HDHPs are arguably a bad idea, founded on a presence that's been largely discredited: that high up-front costs will induce plan holders to price-shop and avoid unneeded care. Research indicates that enrollees simply avoid care, needed and unneeded. On the other hand, once you have the high deductible, as most Americans now do (the average ESI deductible exceeds the minimum required for an HDHP), the savings account can only help, especially if an employer seeds it. It may seem ridiculous to impose high costs with one hand and partially reimburse them with the other, but that's the kind of kludge our uniquely expensive healthcare system necessitates.
2. Annual out-of-pocket maximums (Section 7) - the ACA made these mandatory, and imposed a maximum allowable "OOP max" of $7350 individual/$14,700 family. Most employer plans had OOP maxes pre-ACA, but some didn't: in 2009, 19% of plans had an OOP max above the current $7350 limit, and some had none at all. The elimination of plans without OOP maxes has doubtless lowered overall average out-of-pocket spending somewhat. The ACA also banned lifetime and annual caps on coverage. In 2009, according to the Kaiser employer survey of that year, 59% of employers had lifetime caps. According to a PwC estimate, 20-25,000 people in 2009 would lose coverage because of the caps.

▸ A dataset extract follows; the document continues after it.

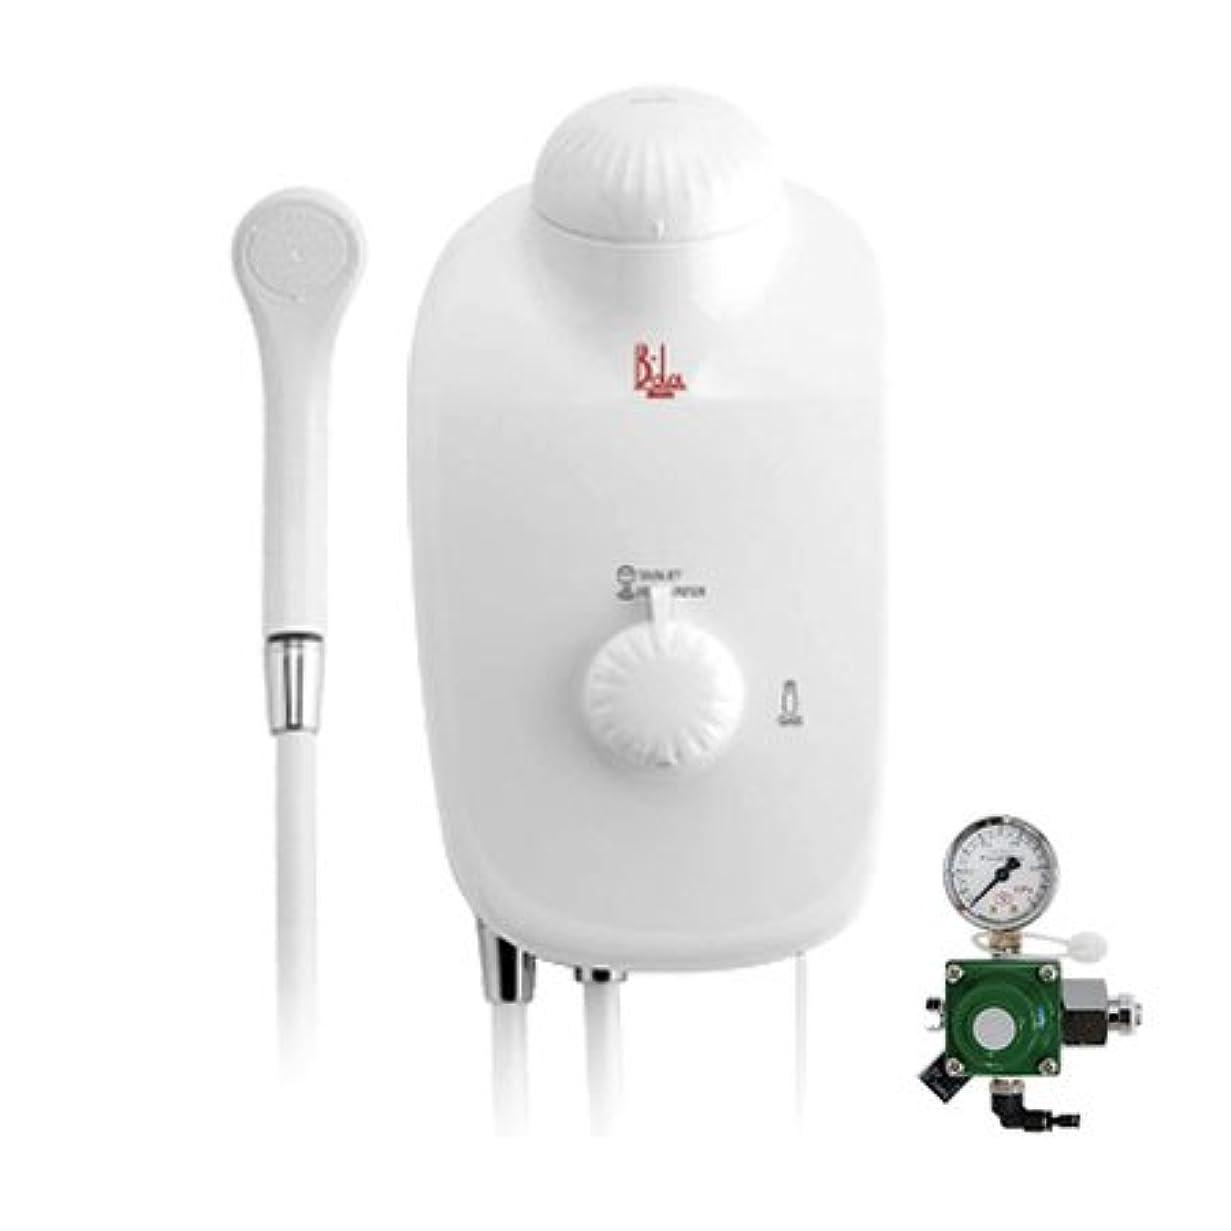 群れ振り子あいまい高濃度炭酸泉装置 B-da(ビーダ)本体セット?ガス圧調節器付き
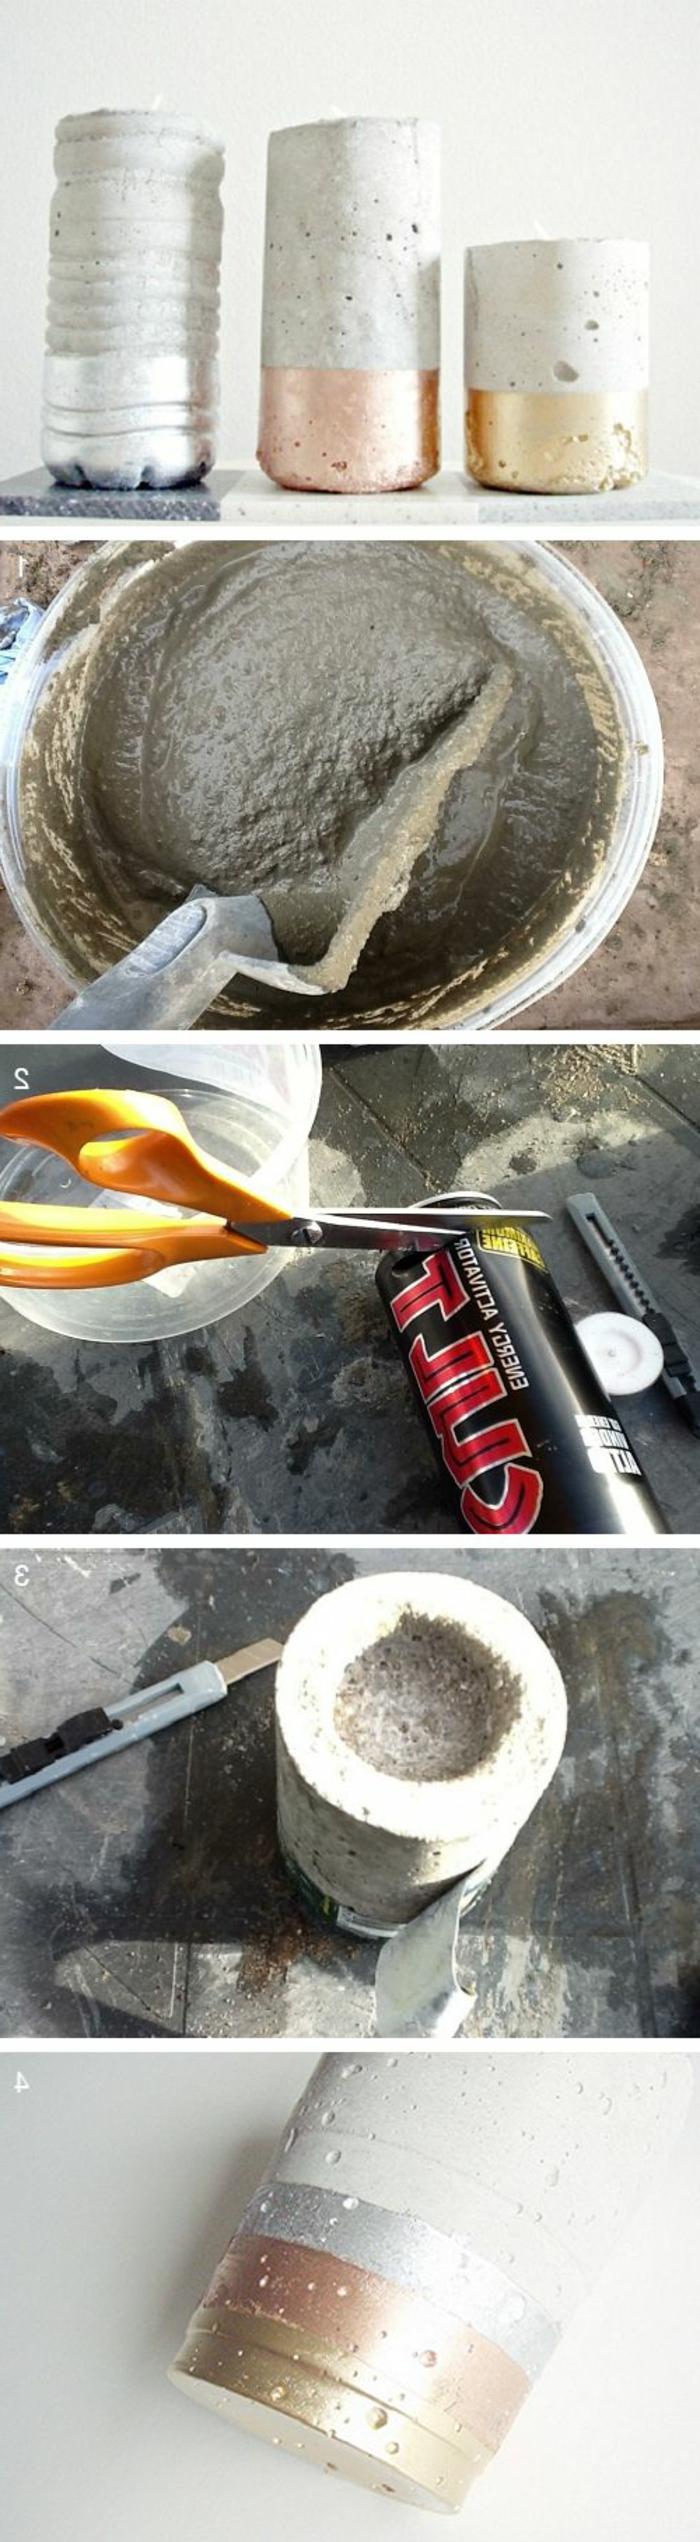 basteln mit beton - diy vasen, dose, schere, cutter

3. Services not subject to the deductible (Section 7) - outside of HDHPs, these are common. General deductibles usually don't apply to doctor visits or prescription drugs (the latter may have a separate deductible):
These caveats don't mean that American workers' out-of-pocket healthcare costs aren't burdensome, and rising. Moreover, the averages include plans that impose much higher cost-sharing, often for low-wage workers. Still, these shock absorbers are worth noting.
The craziest thing I learned here, and I really feel like I'm ahead of the curve on health care policy, is that general deductibles don't apply to doctor's visits... what?
ReplyDeleteBut yes, also, it's very odd to have high deductible plans to encourage shopping around (in an entirely opaque market where adverse selection greatly benefits the seller), but also fund a majority of the endeavor. I think the mindset is (as Sarah Kliff put it a few years ago in reporting on a study surrounding this) that we are actively spending this money, even if it isn't our own, whereas having insurance take care of it all is a passive transaction. Though, as you say, that doesn't really pan out in the research.